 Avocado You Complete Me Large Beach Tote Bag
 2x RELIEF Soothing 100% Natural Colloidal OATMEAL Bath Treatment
=-=-=-=-=
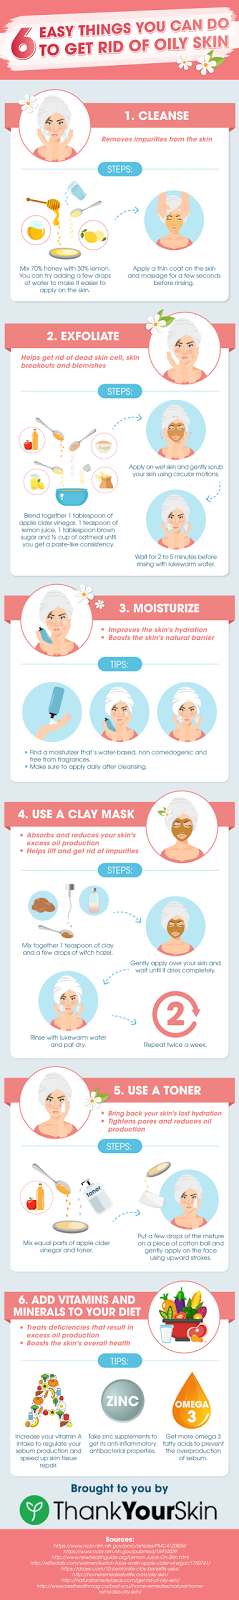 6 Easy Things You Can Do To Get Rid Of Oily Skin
=-=-=-=-=
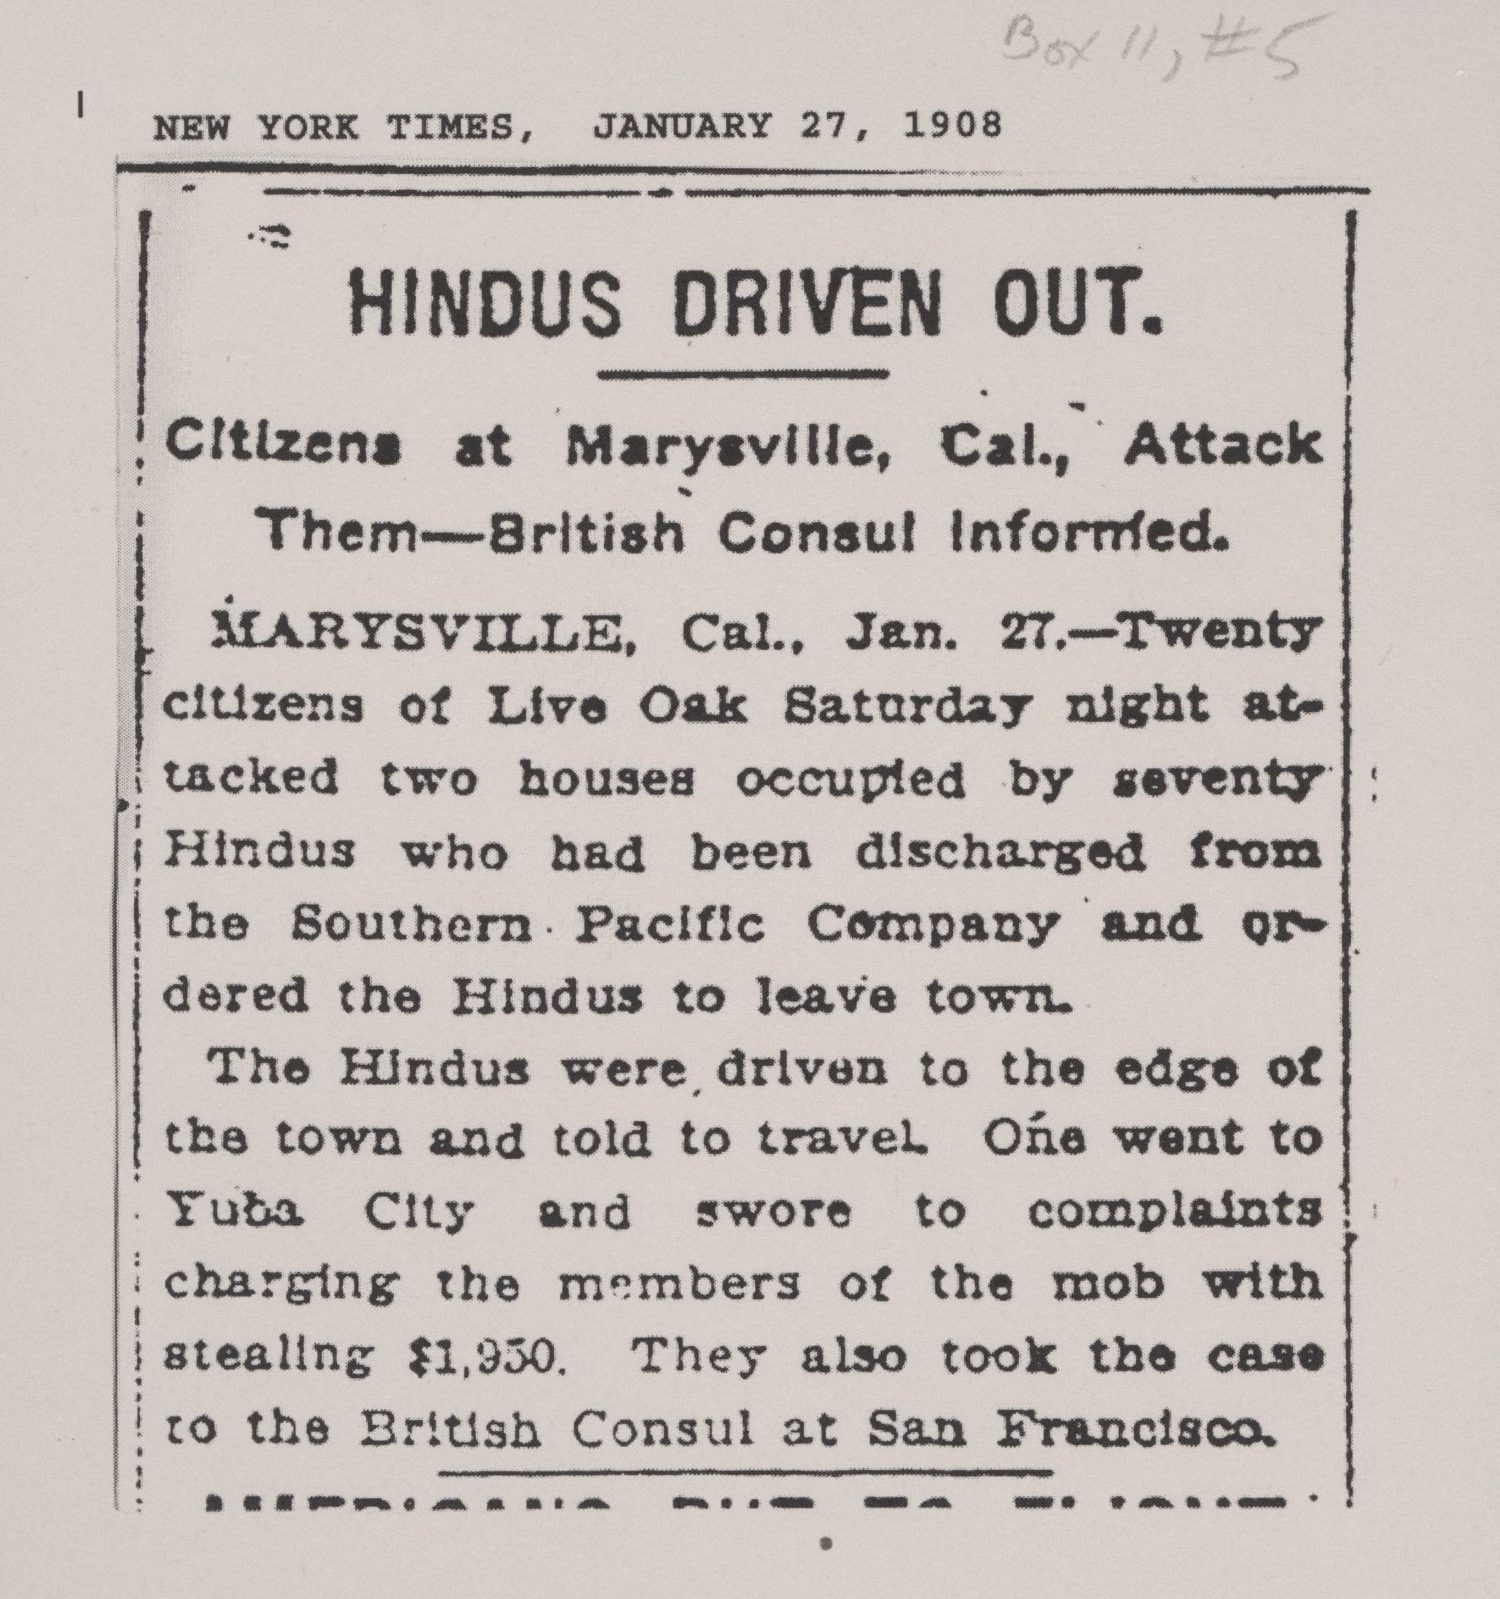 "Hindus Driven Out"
=-=-=-=-=
* [Work order]
Retype exactly the span of lines from the one with "Avocado You Complete Me Large Beach Tote Bag" through the one with "2x RELIEF Soothing"; include both ends and omit the rest of the material.

* [Your solution]
 Avocado You Complete Me Large Beach Tote Bag
 2x RELIEF Soothing 100% Natural Colloidal OATMEAL Bath Treatment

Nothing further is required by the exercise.